Once I was visiting the oldest member of my church.  “How are you?” I asked.
“I’m doing OK,” she said, “but I just get so frustrated that I can’t do the things I used to.”

“Dora,” I replied, “you’re 105 years old!” The fact that she was able to wake up in the morning, recognize me and carry on a lively conversation was nothing short of remarkable at her age.

Atul Gawande
Atul Gawande’s book Being Mortal is a reflection on what it means that we are creatures who, over time, age and eventually die. Human existence means learning to live within the limits of our mortality.

Gawande writes from the perspective of a surgeon.
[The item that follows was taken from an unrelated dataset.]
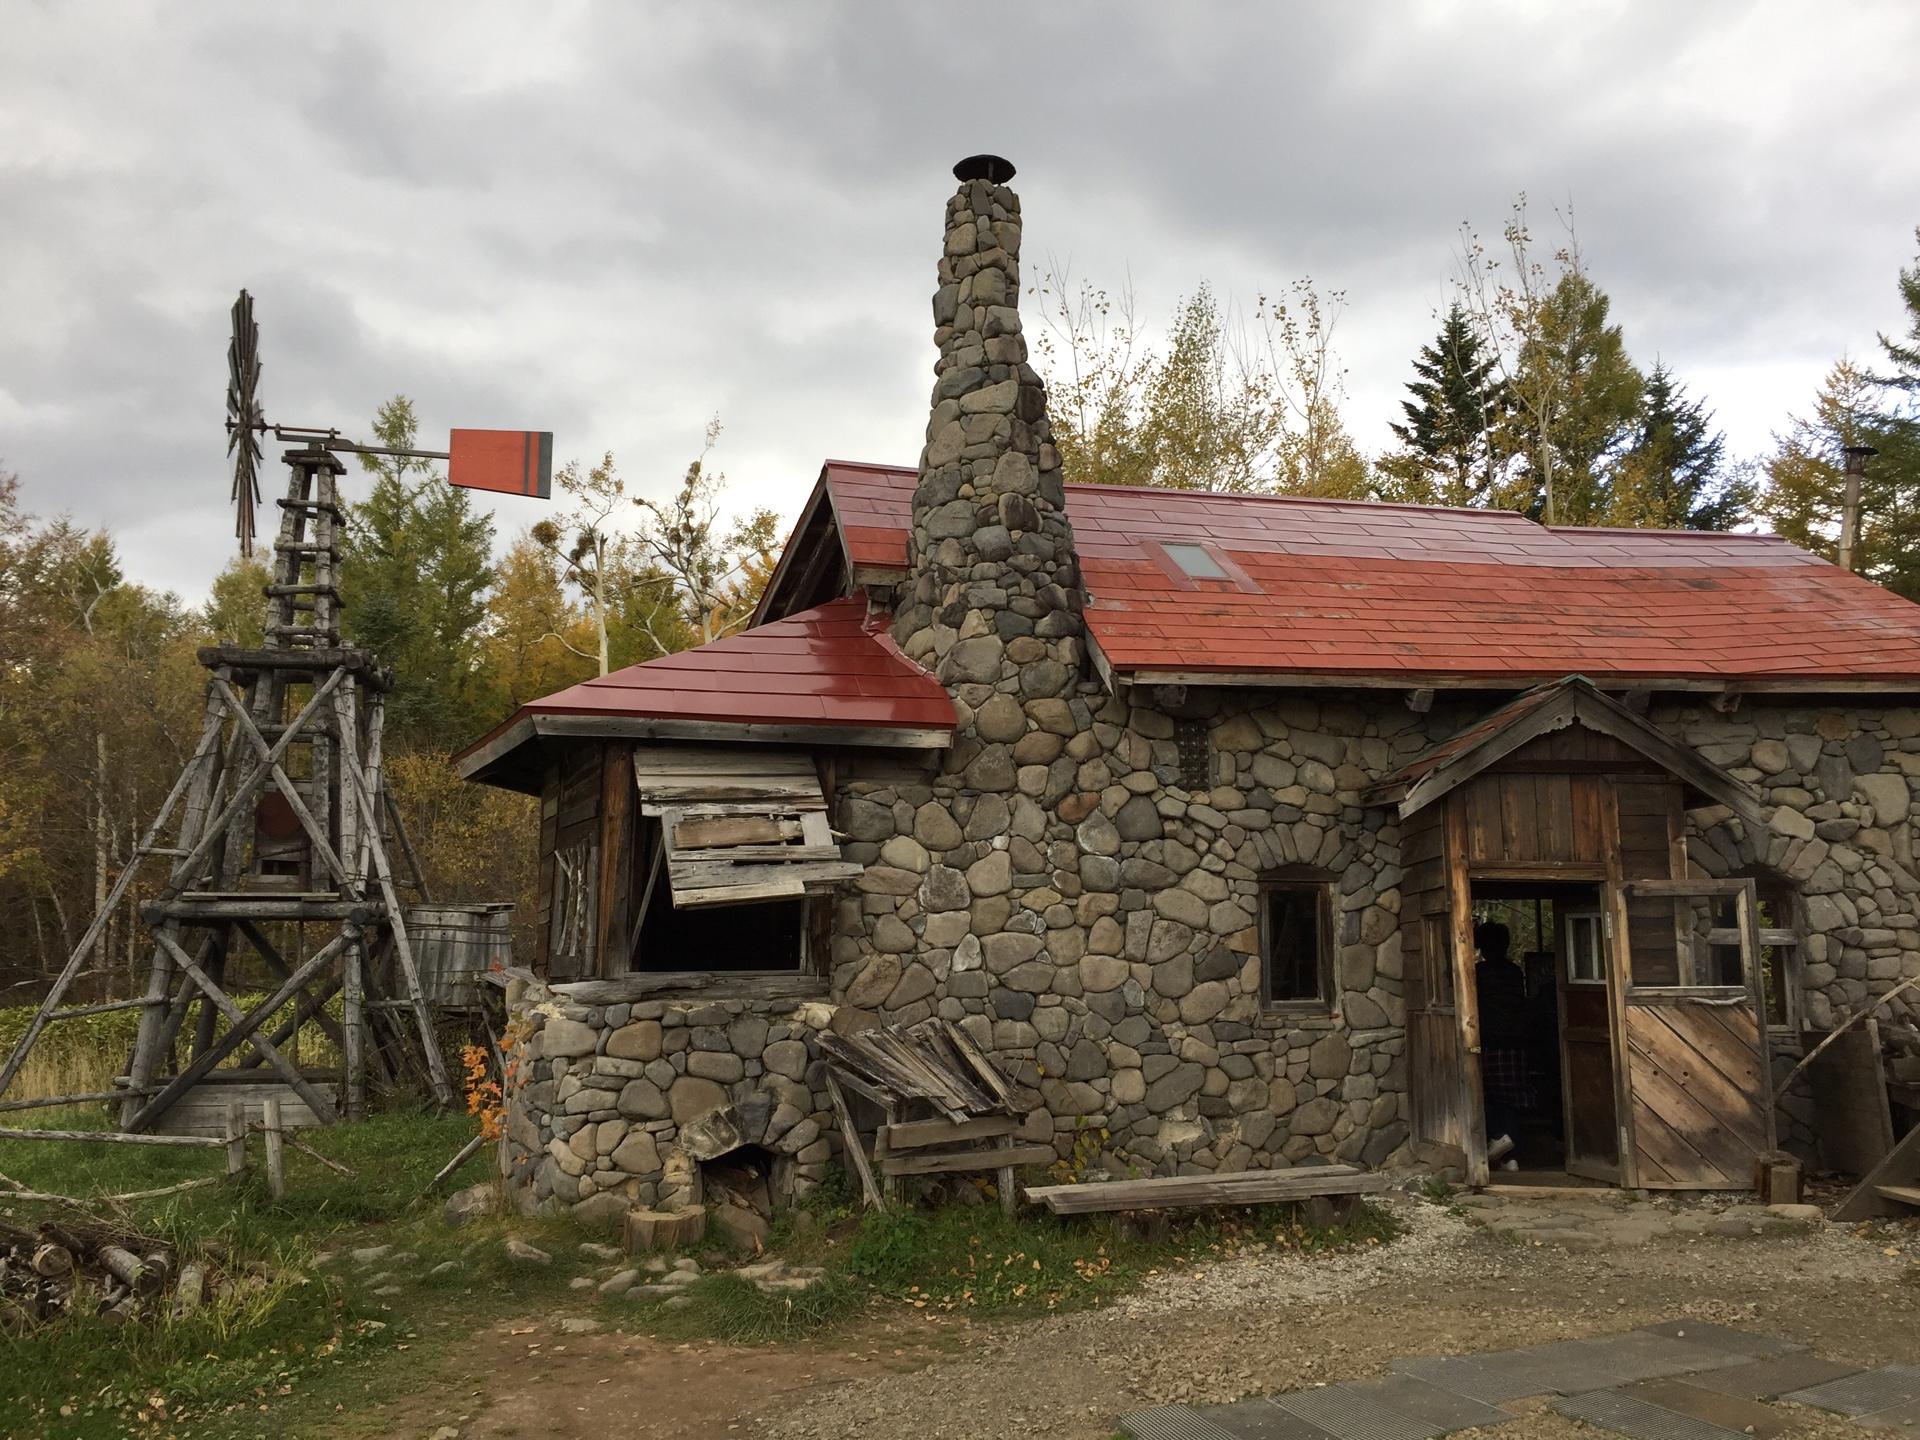 石の家 富良野 観光案内 観光情報

Modern medicine, he says, operates out of a paradigm centred on diagnosing and curing disease, and fixing what is broken. But what about when people can’t be fixed? What about when the problem is not a specific pathology but simply the limitations of being mortal which become more pronounced with age?

The tendency of the medical system is to a) continue to try to fix what’s wrong, often inflicting needless suffering on the patient, or b) simply give up. Care of the elderly eats up huge resources, but often with little positive results.
Gawande says the question needs to change from “How can we fix what’s wrong with this patient?” to “What is the best and fullest life possible for this person, given his or her limitations?”
I think there’s an analogy here for many of our churches. (Recognizing that any analogy can only be pushed so far. There are similarities between an individual and a community, but there are also differences.)
A lot of churches, like a lot of church members, are struggling with diminishing capabilities. They are not what they once were. They can’t do what they once did. Partly that’s the result of changes in our culture, which has pushed religious institutions out of the centre and onto the (almost invisible) margins.
The leadership in many United Churches are people whose concept of a vital and healthy congregation was formed in the 1950s and 1960s.
Even though they know things have changed, their attitudes and actions are still driven by powerful memories which shape their image of a healthy church.  Compared to that memory, the present reality of the church can only seem like a failure, a shadow of what once was.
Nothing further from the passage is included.